We reached the forest lodge that evening with red faces and half-frozen hands and feet. The ride through the deep snow and the bitter December wind had been a hard one; but the woods in their glittering winter shroud, the sharp, refreshing breath of the pure air, and a thousand trifling matters—from the white hats that crowned every stock and stone to the tiny crystals of snow that fell on the green velvet of my fur-lined bodice—were a joy to me, albeit my heart was heavy with care. The evening star had risen or ever we reached the house; and out here, under God’s open heavens, among the giants of the forest and its sturdy, weather-beaten folk, it scarce seemed that it could be true that I should see my bright, young Ann sharing the sorry life of the Magister, an alien from all this world’s joys. Those who dwelt out here in these wilds must, methought, feel this as I felt it; and so in truth it proved. After I had taken my place at the hearth by my aunt’s side, and she had mingled some spiced wine for us with her own feeble hands, she bid me speak.

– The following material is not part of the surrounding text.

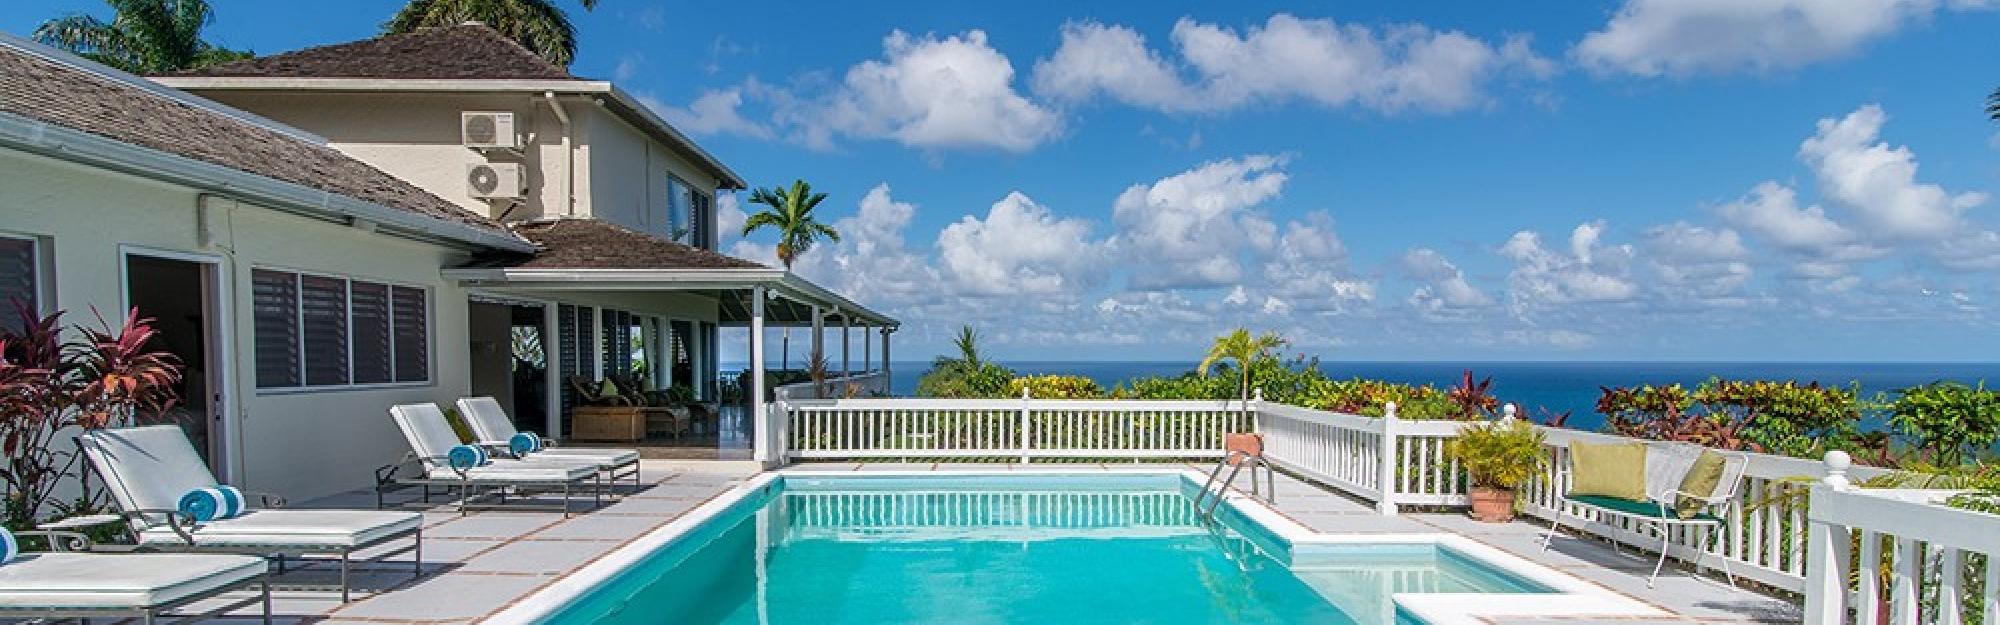 Blue Heaven Jamaica Villa By Linda Smith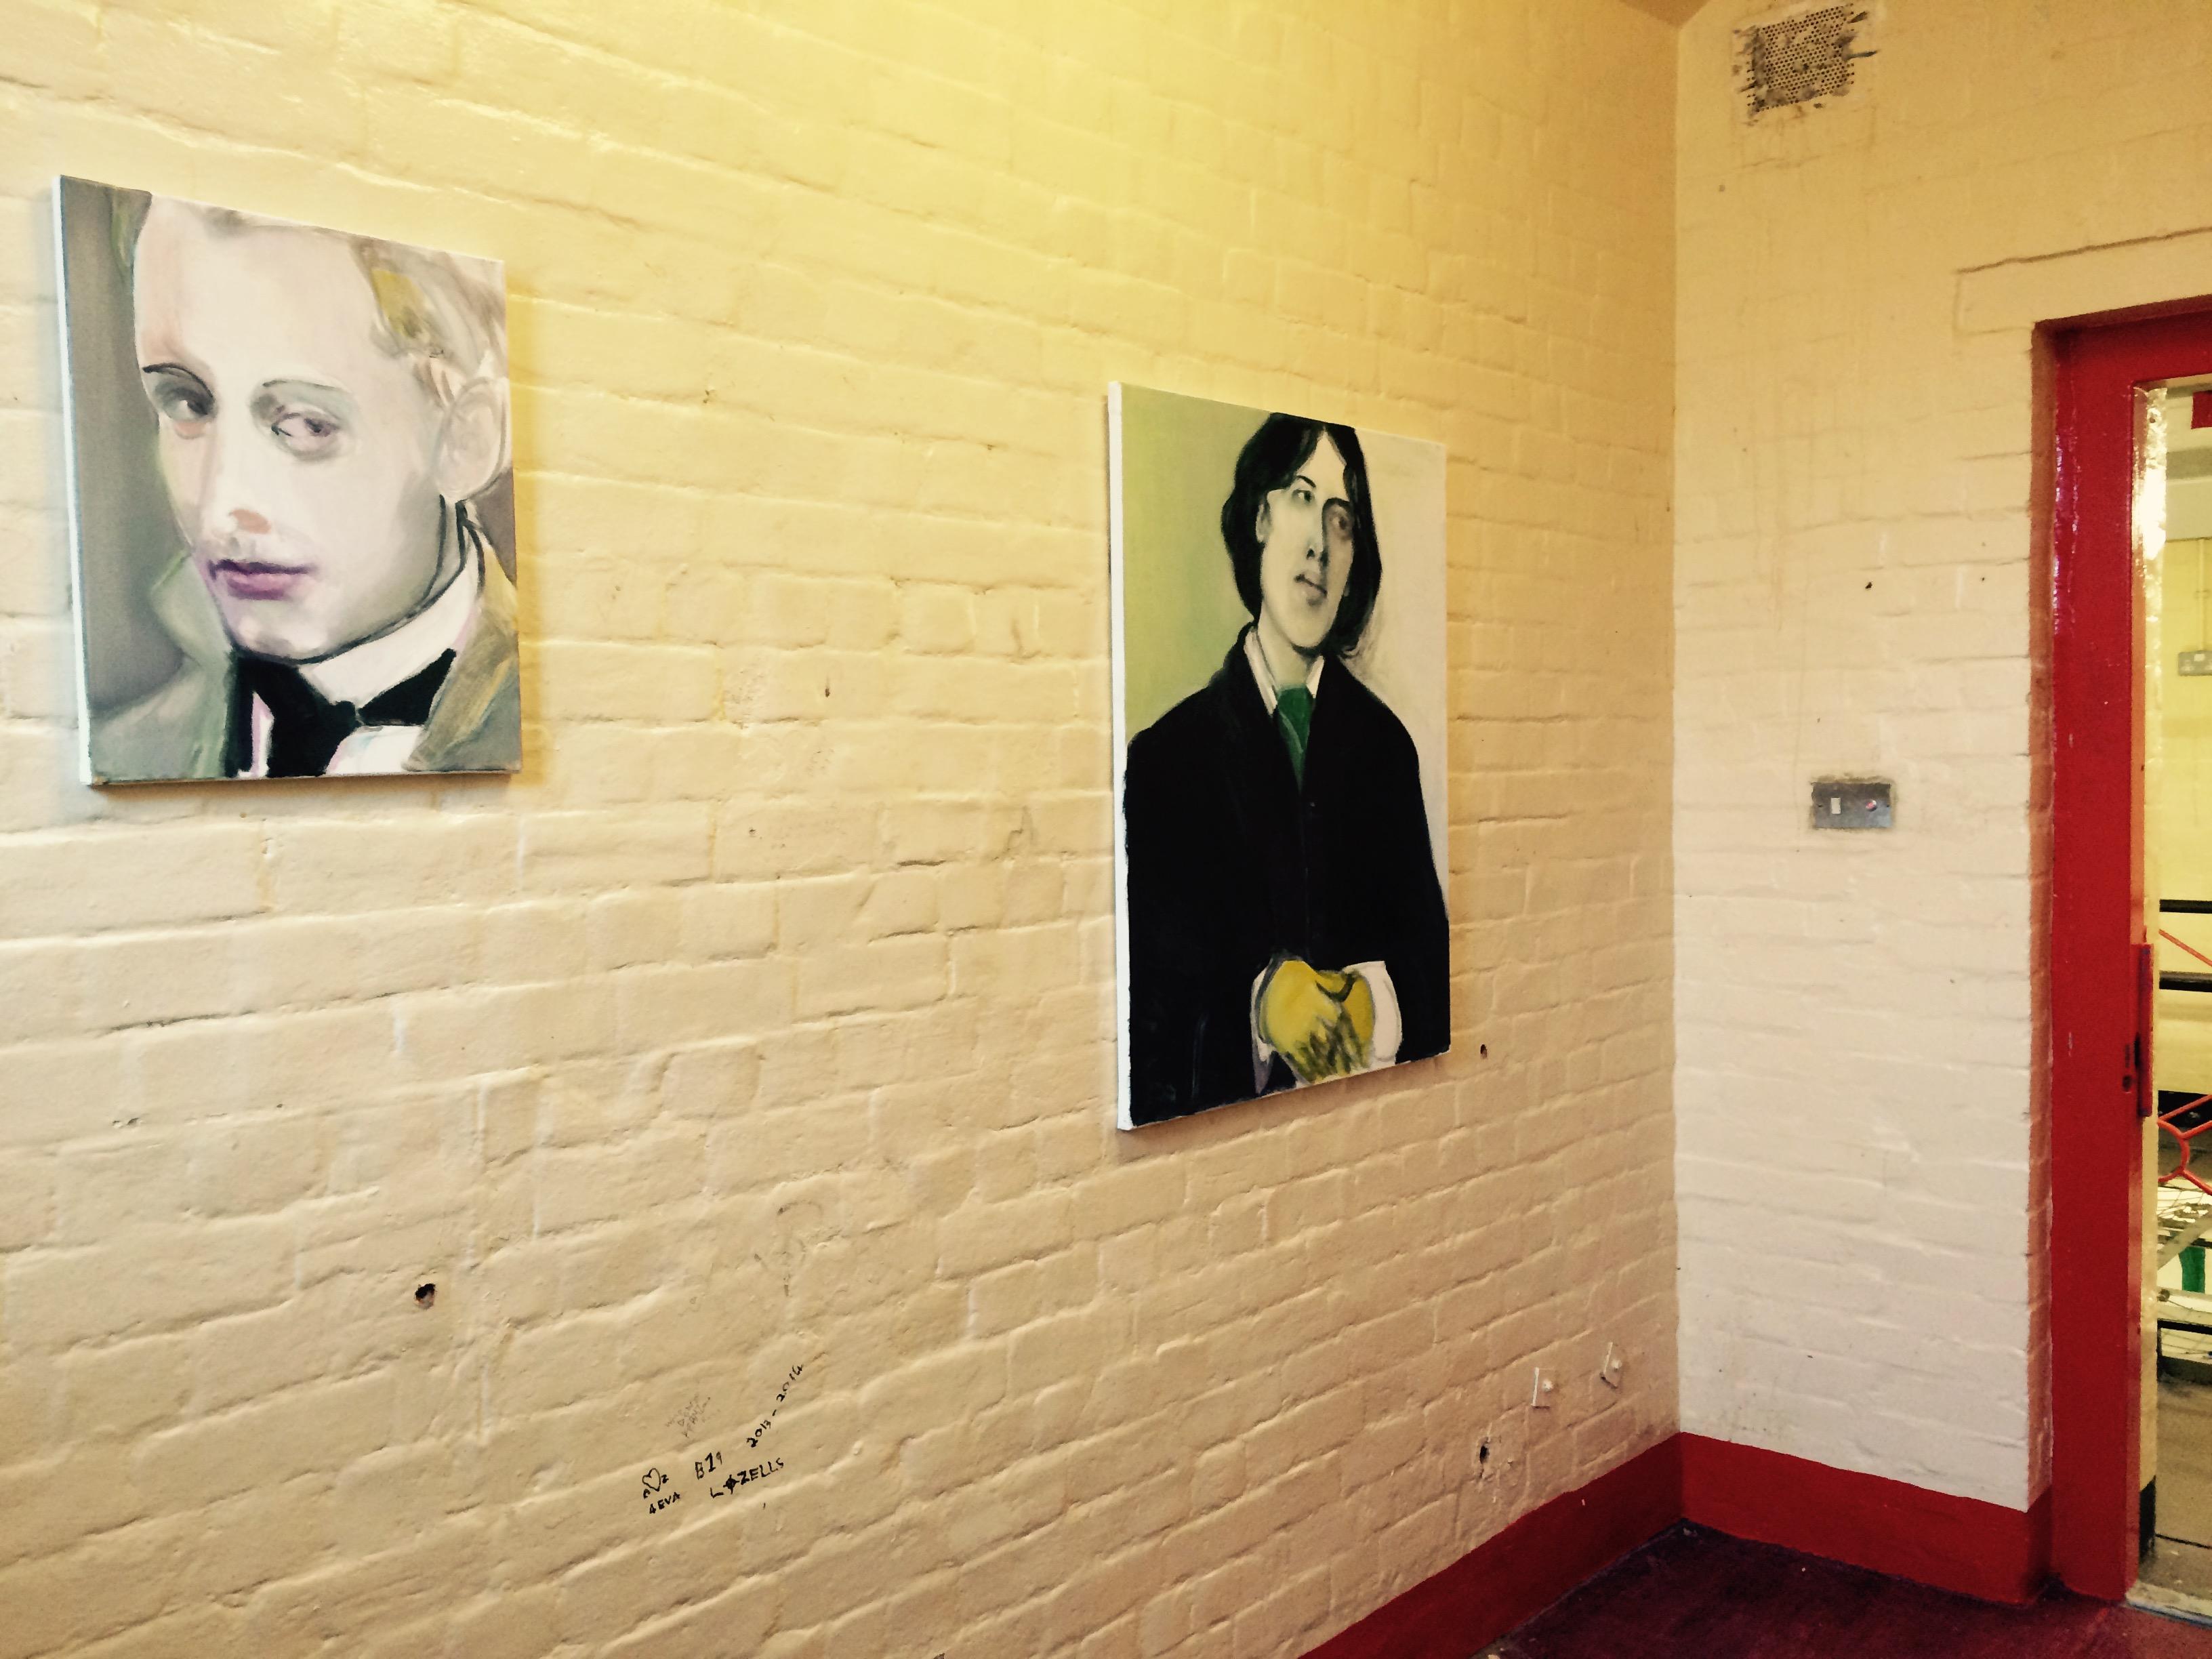 'Lord Alfred Douglas (Bosie)' and 'Oscar Wilde', Marlene Dumas, (2016), Inside: Artists and Writers in Reading Prison ©James Lingwood/Artangel

When she heard what it was that had brought me forth to the forest so late before Christmas, which we ever spent with our grand-uncle Im Huff she at first did but laugh at our Magister’s suit; but as soon as I told her that it was Ann’s earnest purpose to wed with him, she swore that she would never suffer such a deed of mad folly.
Master Peter had many times been her guest at the lodge; and she, though so small and feeble herself, loved to see tall and stalwart men, so that she had given him the name of “the little dry Bookworm,” hardly accounting him a man at all. When she heard of his newly-gained wealth, she said: “If instead of being the richer by these thousands he could but be the same number of years younger, lift a hundredweight more, and see a hundred miles further out into the world, I would not mind his seeking his happiness with that lovely child!”
As for my uncle, he did but hum a burly bass to the tune of the “Little wee wife.” But, being called away, he turned to me before closing the door behind him, and asked me very keenly, as though he had been restraining his impatience for some space: “And how about your brother? How is it that this matter has come about? Was not Herdegen pledged to marry Ann?”